Panorama™ is a noninvasive prenatal screening test (NIPT), using a blood-based SNP‑based technology to distinguish between maternal and fetal (placental) DNA, screening for chromosomal conditions that affect a baby's health including common trisomies (Trisomy 21, 18, 13), sex chromosome aneuploidies, triploidy, and selected microdeletions, with optional testing for fetal sex, zygosity, and fetal fraction as early as nine weeks of gestation.
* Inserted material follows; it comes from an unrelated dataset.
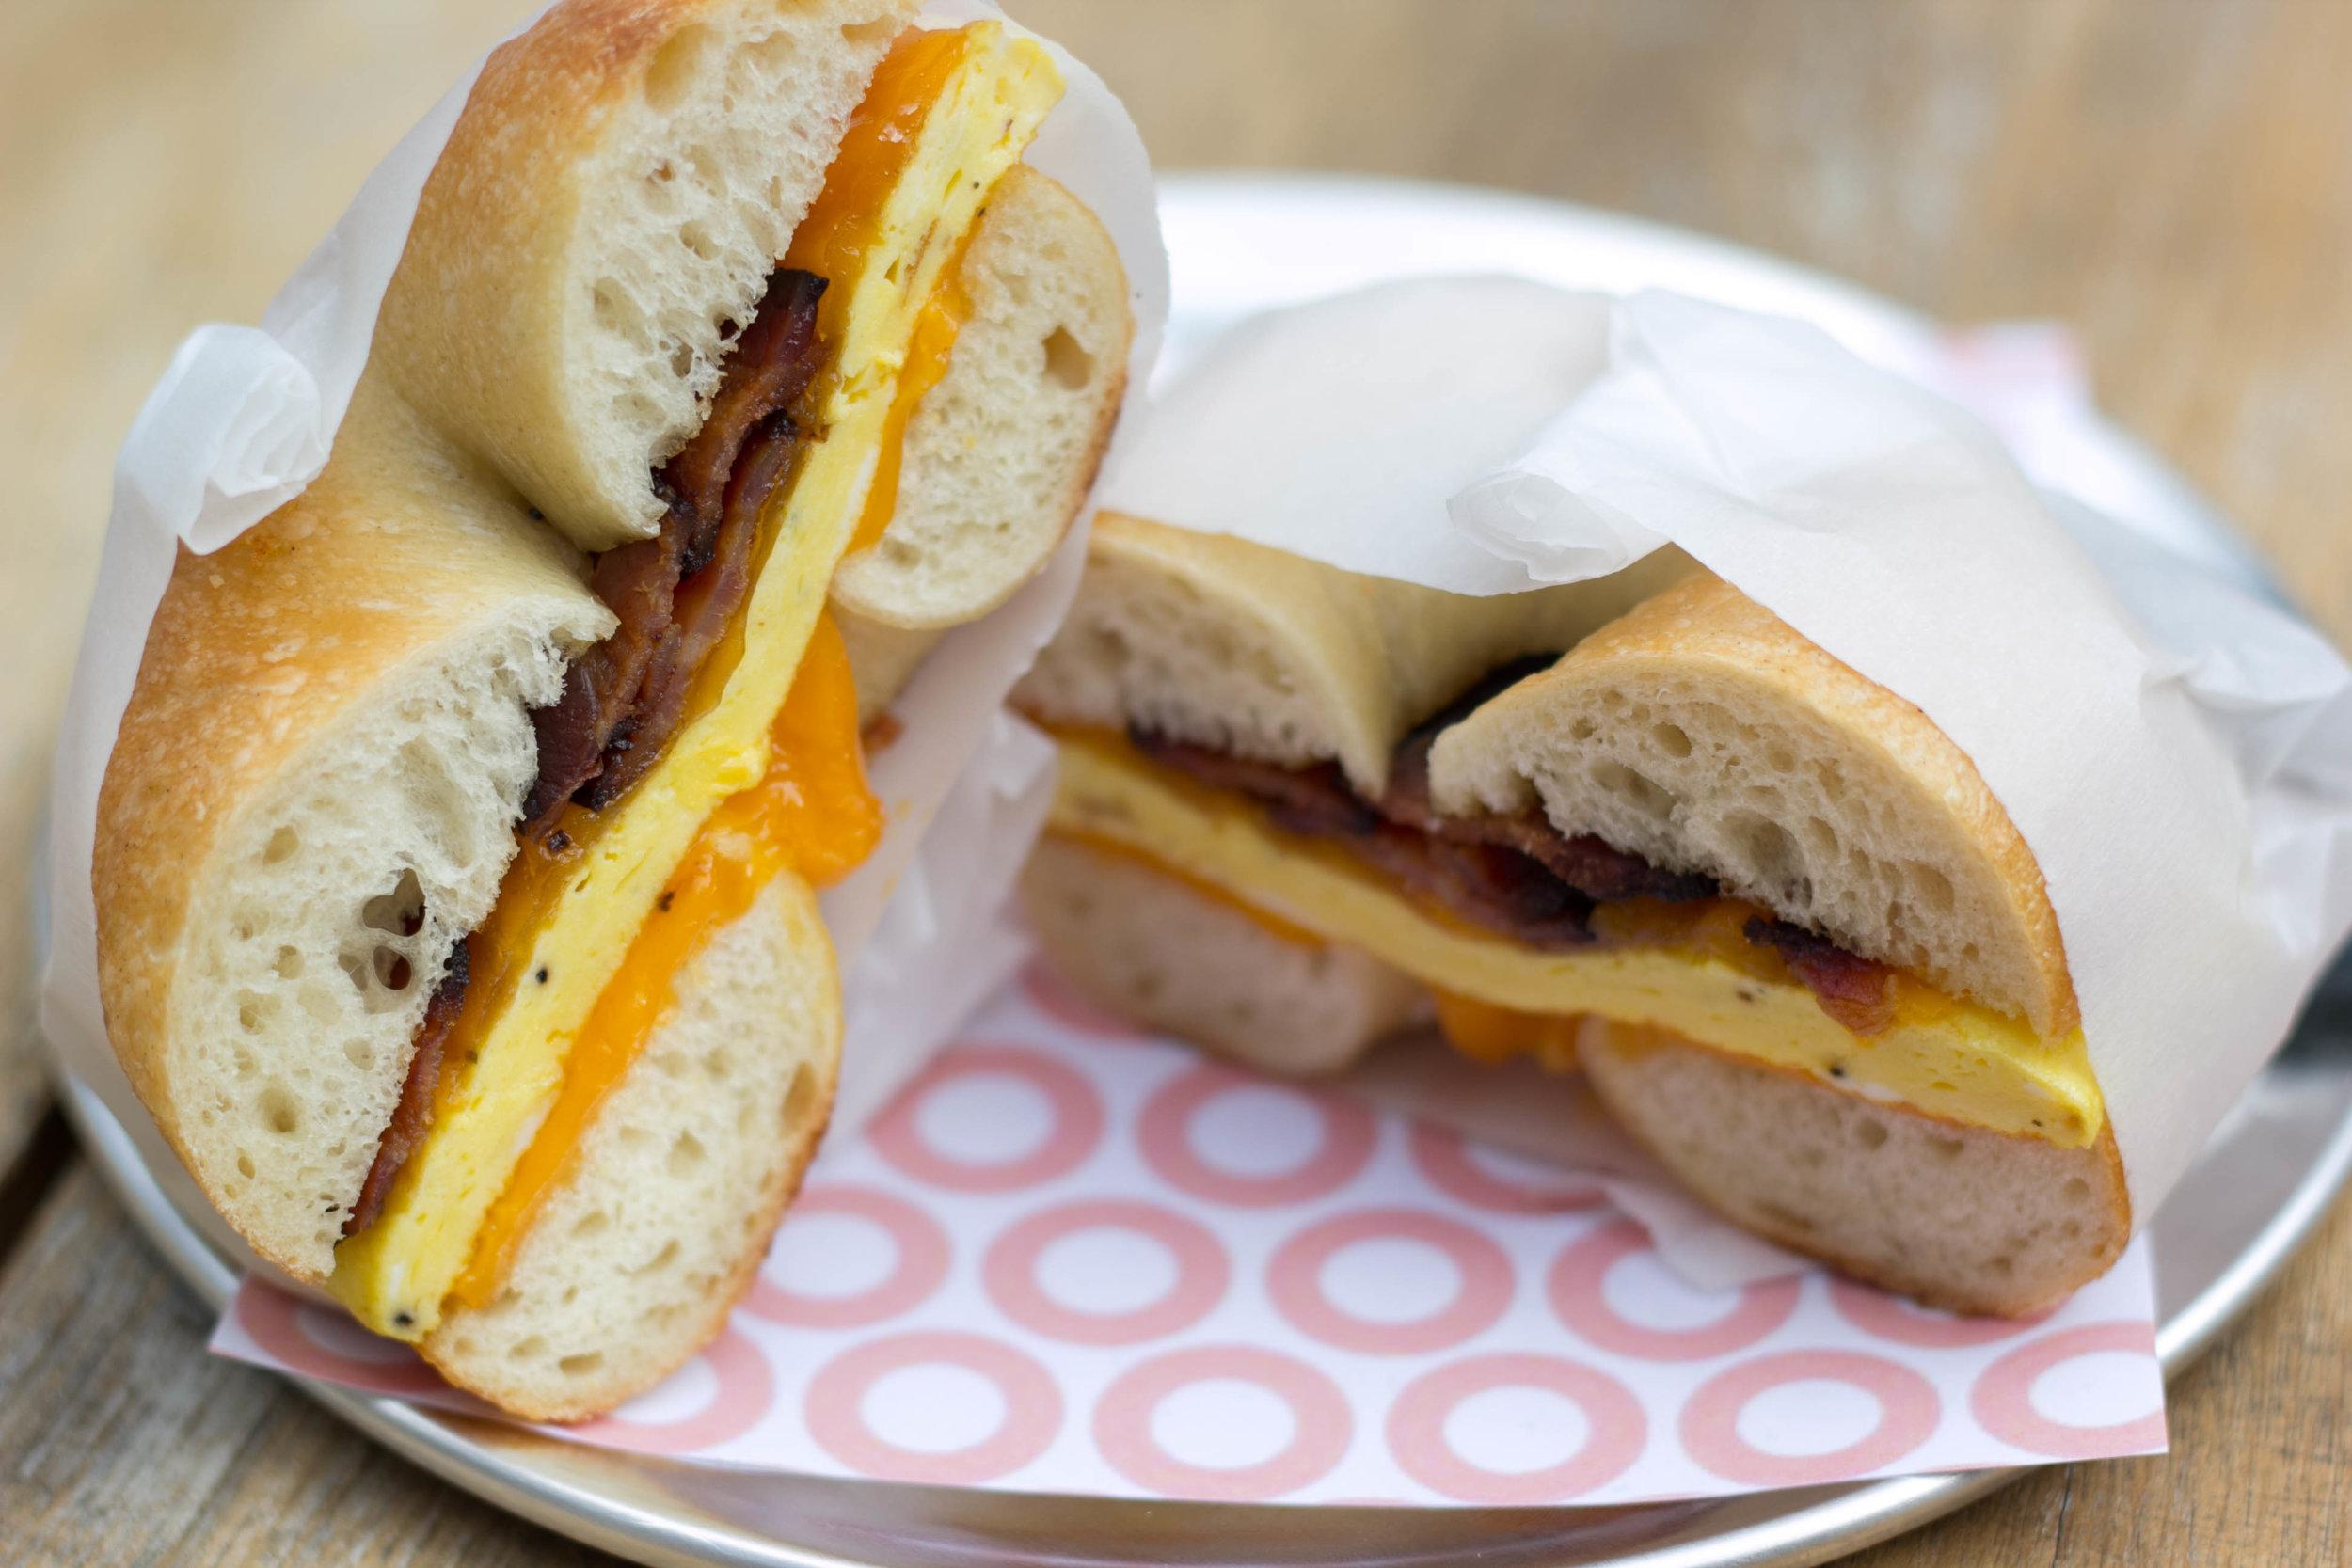 A breakfast sandwich from Pearl's Bagels

It is the only SNP‑based NIPT that can detect triploidy and differentiate DNA sources using >13K SNPs, validated in real‑world prospective studies with >99% sensitivity for trisomies and specific detection capabilities for 22q11.2 deletions. Panorama is a screening — not diagnostic — test; high-risk findings require confirmatory diagnostic testing such as CVS or amniocentesis. Panorama has been validated with full genetic confirmation, with zero fetal sex errors and high clinical sensitivity and PPV. Most results return within a defined timeframe after sample receipt. All decisions should involve consultation with healthcare providers. Panorama is CLIA‑certified, CAP‑accredited, ISO 13485‑certified, but not FDA‑cleared or approved. Panorama supports singleton and twin (some workflows), though some options may be unavailable for egg donor or gestational carrier pregnancies. Panorama™ screens multiple chromosomal conditions including trisomy 21/18/13, monosomy X, XXY, XXX, XYY, 22q11.2 deletion, Prader‑Willi syndrome, Angelman syndrome, 1p36 deletion, Cri‑du‑chat syndrome, and triploidy. Many conditions are detailed with background clinical context.